If you get one let me know how well it works or doesn't. 
I've been playing with the idea of getting one as well


----------



## Lola (Nov 16, 2014)

I looked into them and brand new their just out of my budget! The one at L & M is $420 before taxes. I will looked for used on Kijiji!


----------



## GTmaker (Apr 24, 2006)

this has to be the most stupid suggestion I have seen on this forum...congrats...

G.



djmarcelca said:


> Here's your fill in


----------



## djmarcelca (Aug 2, 2012)

GTmaker said:


> this has to be the most stupid suggestion I have seen on this forum...congrats...
> 
> G.


The O.P. Seemed to like it.


----------



## vadsy (Dec 2, 2010)




----------



## Guest (Jun 27, 2016)

Patience Lola.
There's plenty of drummers out there.
Have you looked at all the 'drummer available/looking for a band' ads on bandmix/kijiji, elsewhere?
or are you just waiting for someone to answer your ad?


----------



## Lola (Nov 16, 2014)

Nah I got someone! Sorry, it was such a stupid question GT maker! I was so desperate to find a drummer that I didn't even think about posting here! 

We have a kick ass drummer! I was really proactive in my search.


----------



## Lola (Nov 16, 2014)

I did join BandMix.ca! The only catch with that is, in order to contact members your have to have a premium acct. I just left my email address in my profile. That's such a scam! 

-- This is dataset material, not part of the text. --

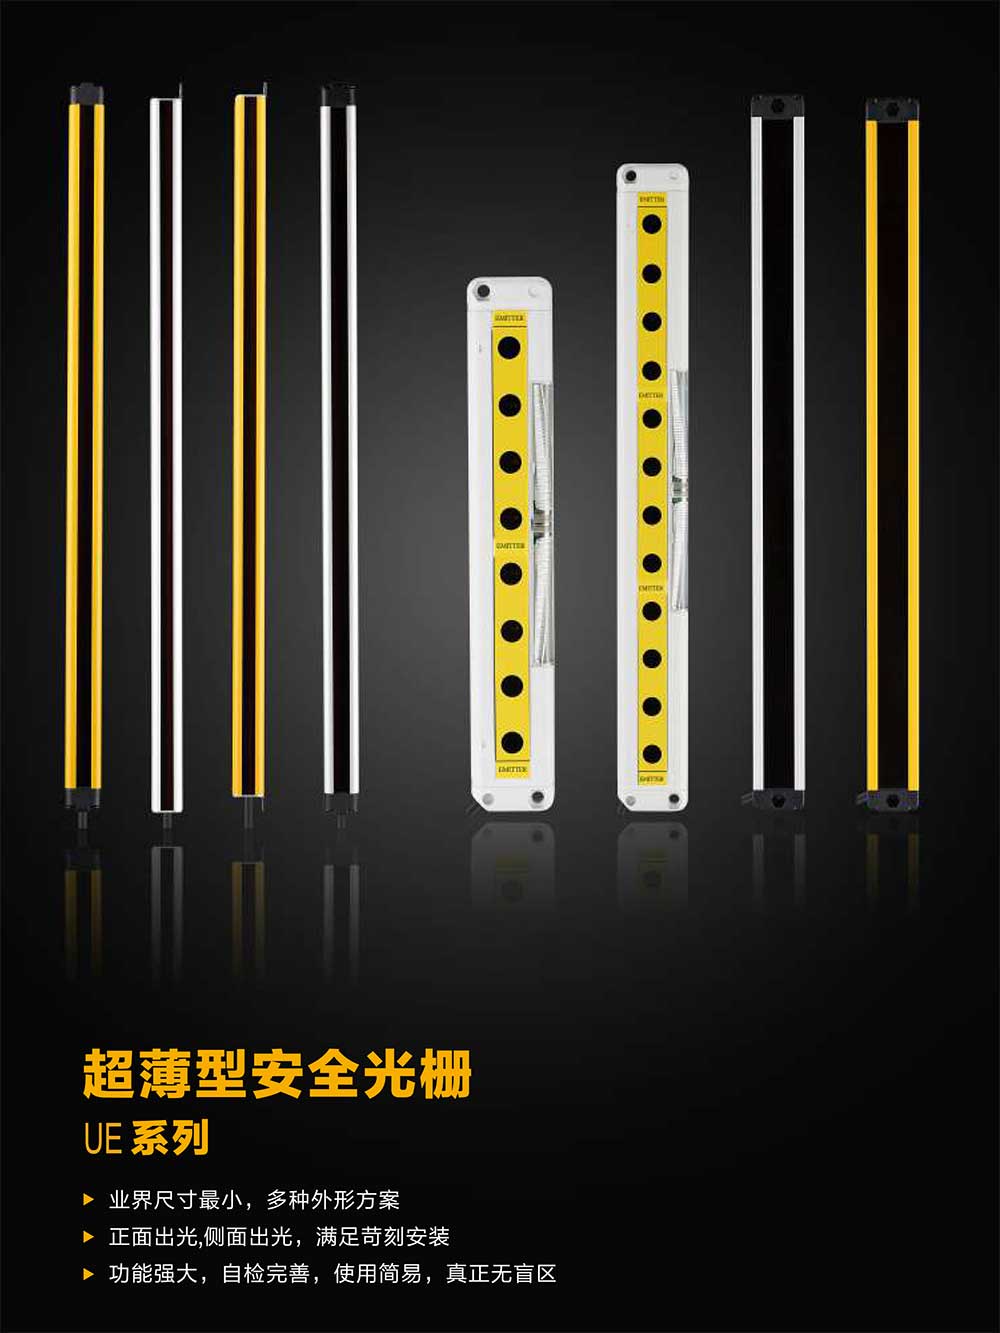 超薄型安全光柵UE系列
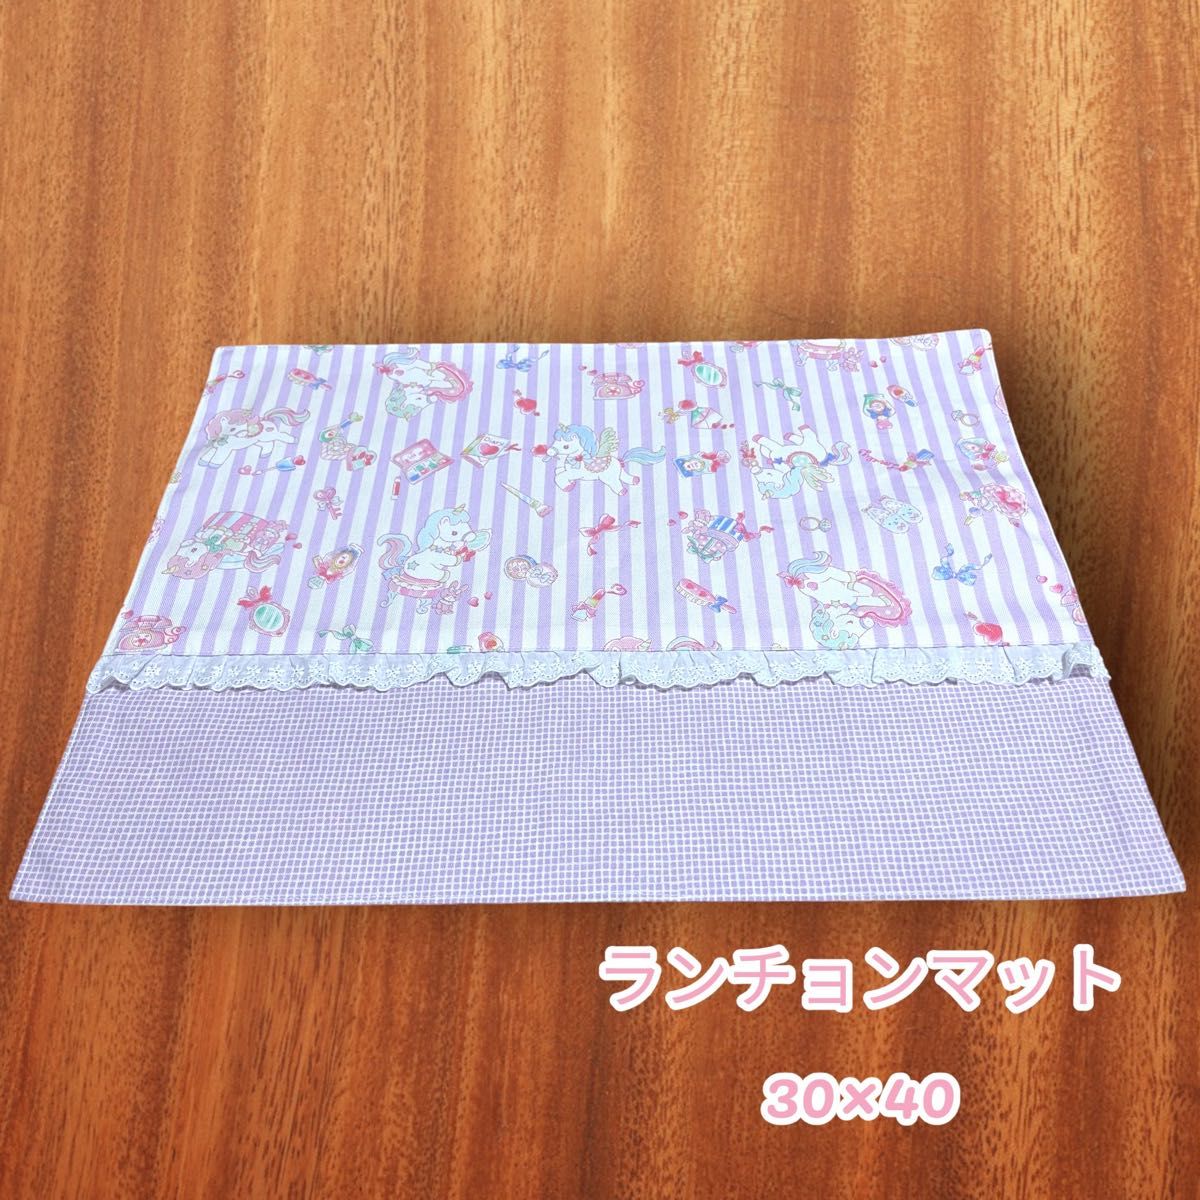 国内発送 No.95 ランチョンマット女の子用 30×40 花柄ピンク系 ハンドメイド

I got an notification from another Toronto band asking me if I would like to join them. Surprised! Good for the ego!


----------



## Guest (Jun 29, 2016)

Nothing wrong with another project on the side.


----------



## Lola (Nov 16, 2014)

laristotle said:


> Nothing wrong with another project on the side.



The only problem is time. I can't dedicate anymore time! Now if I didn't have to work!


----------